In this episode I watched Rob. . Rob an alcoholic, is a talented musician now fallen singing his sorrows into bottles and aiming his shots at everyone else around him. I saw his family stoically put up with that, blaming everyone but themselves. It was powerful and I did cry
I think confronting the addict is right, how they handle it works. In this case, Intervention appeared and liberated the captives with honest direct consequence. I cried again when the older brother, straight living son at last hugged the prodigal son. I identified with the mother who never dreamed her son would find himself this way. After his family laid the boundaries down, he went to rehabilitation willingly.

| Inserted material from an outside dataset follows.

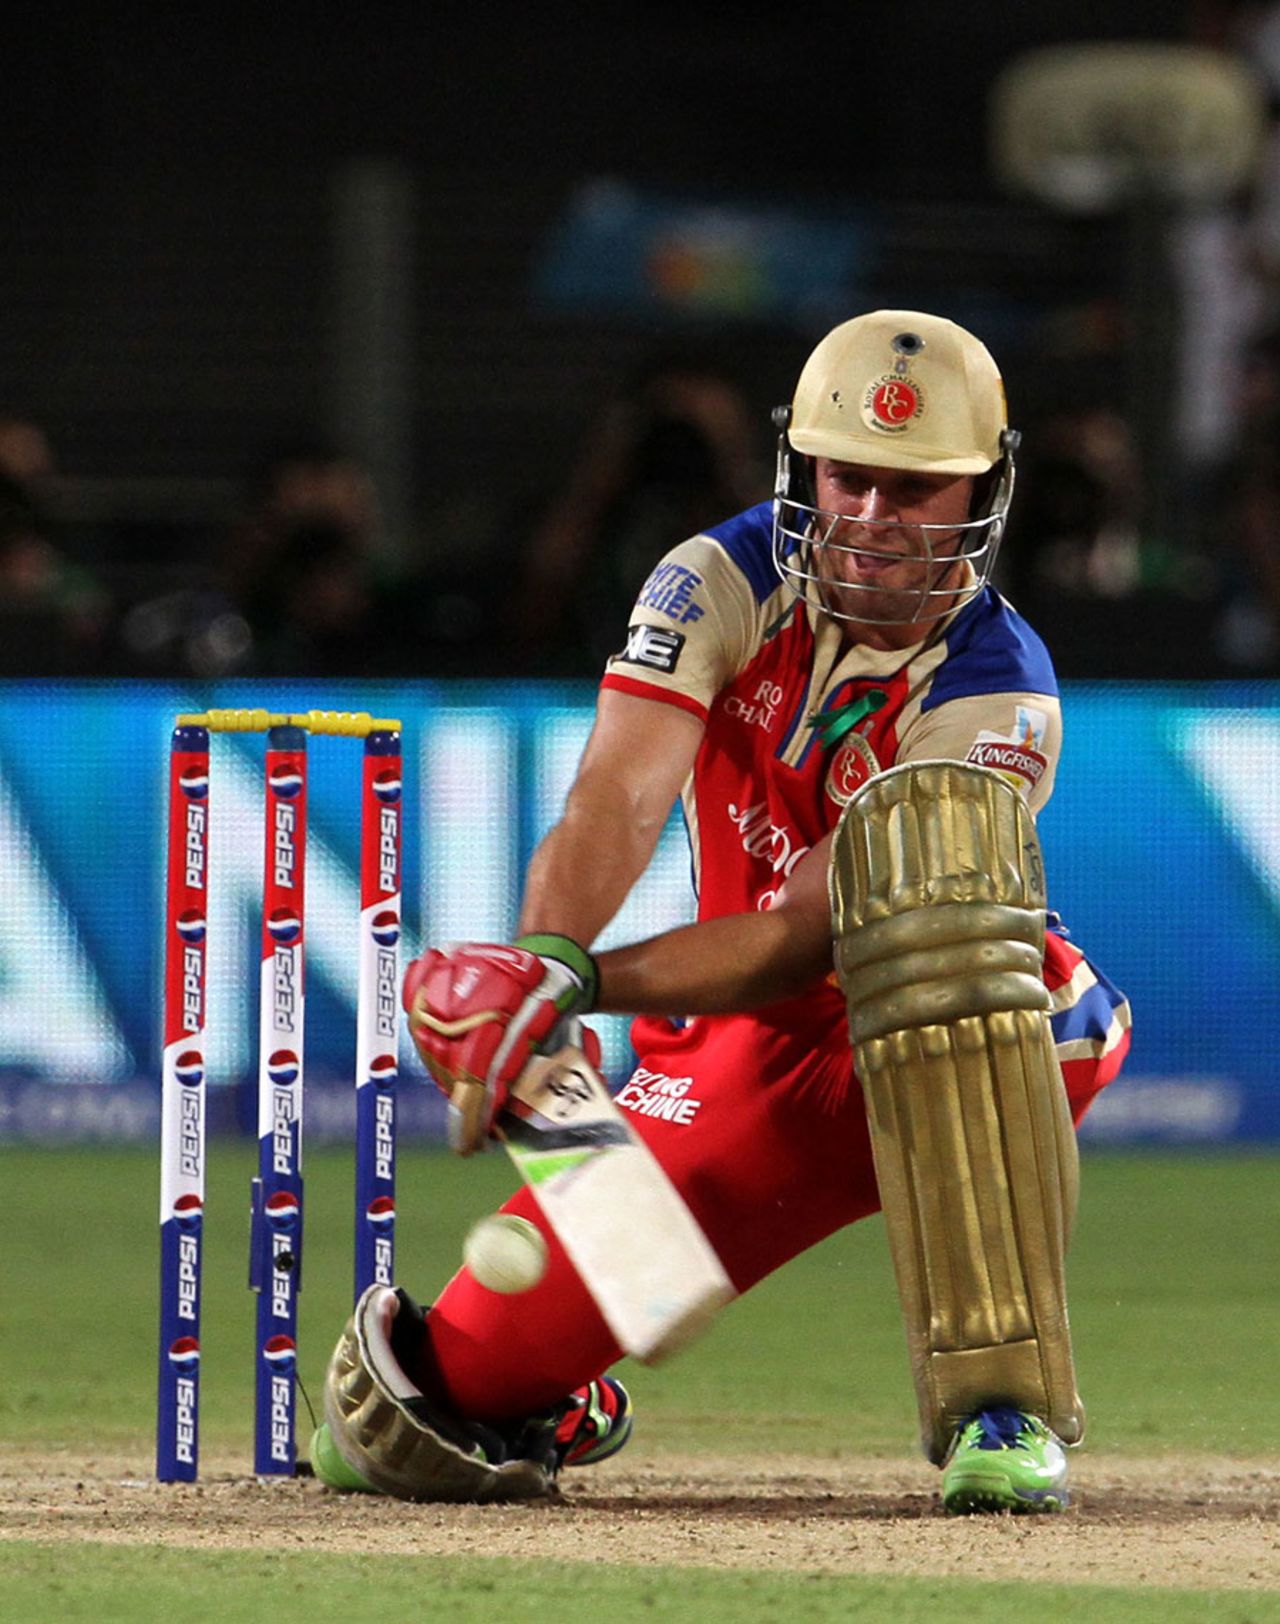 AB de Villiers knocked 26 off the Ashok Dinda's final over, Pune Warriors v Royal Challengers Bangalore, IPL 2013, Pune, May 2, 2013

All the while I ask myself, why do some people avoid pain, hurts and wounds with the wrong cure? Where is the root of avoidance and when is point of no return? This work of Intervention gives hope. My sadness lies in the fact that most people won’t have this advantage or can afford the facilities it takes to get well.

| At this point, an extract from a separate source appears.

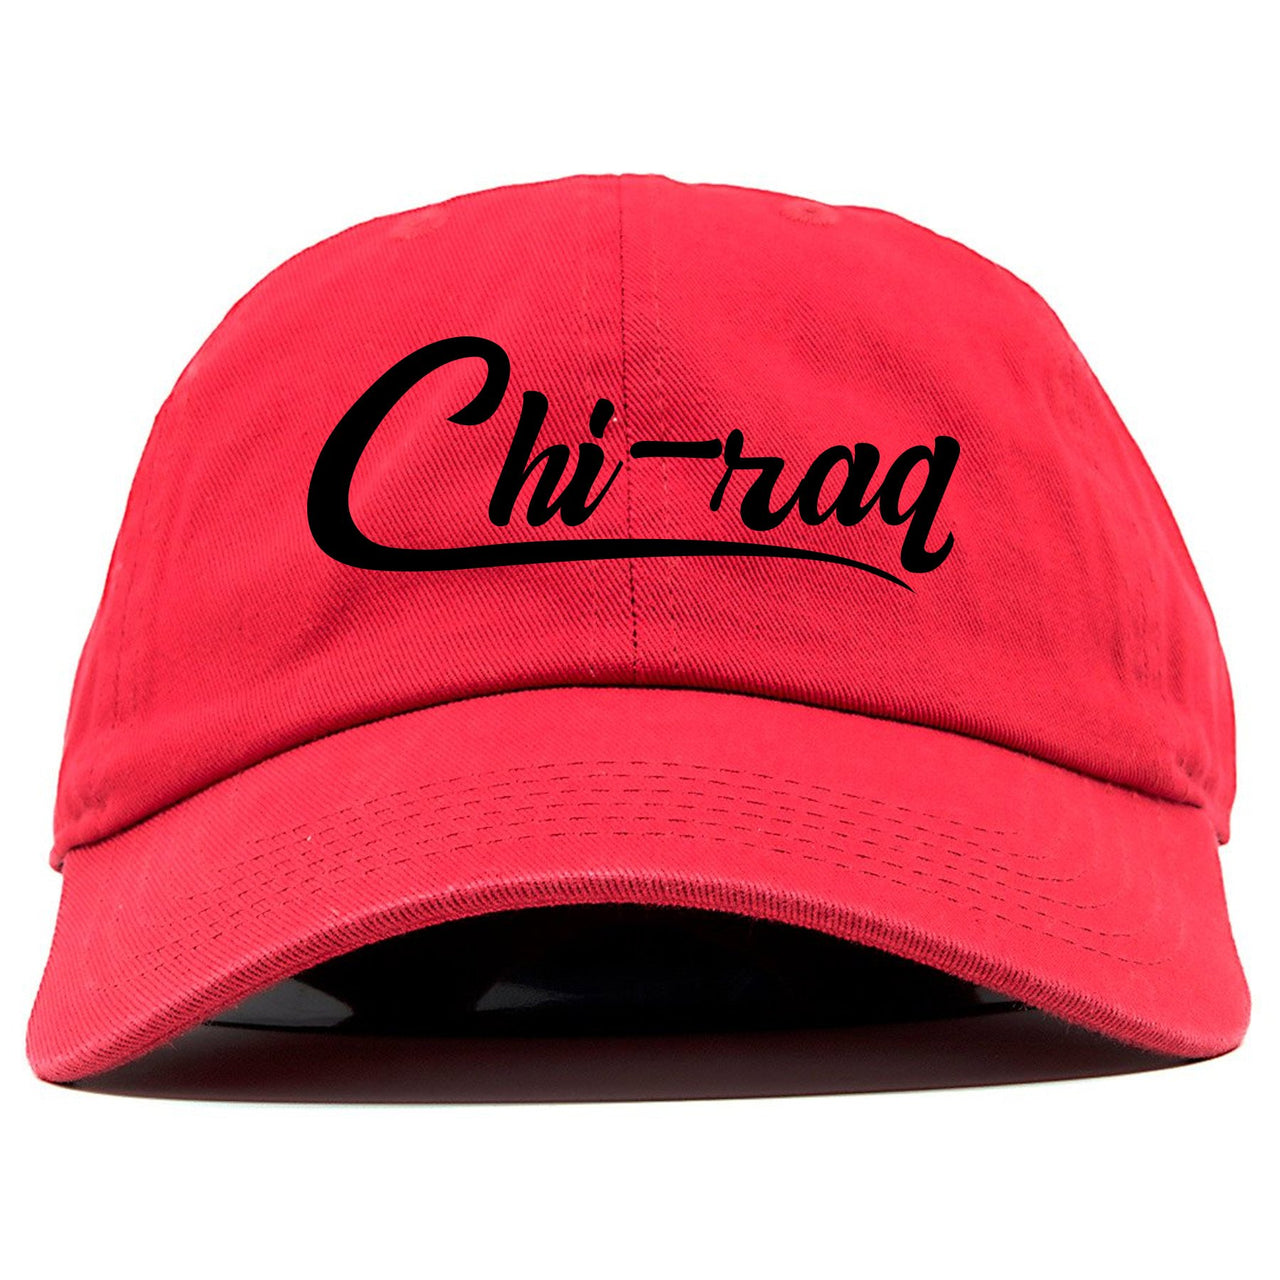 Reflections of a Champion 7s Dad Hat | Chiraq Script, Red

I also watched following episode called
Ashley, which I will write about in my next post. Meanwhile, watch it for yourself, click Ashley. In my life are many who are addicts or recovering. I myself am an adult child of an alcoholic, along with siblings and my own kids, so it's not strange that I write this blog. I still cry out for the ones not addicted, but who stand on the circle dance of those who are. This then is the other side of addictions - addicshun.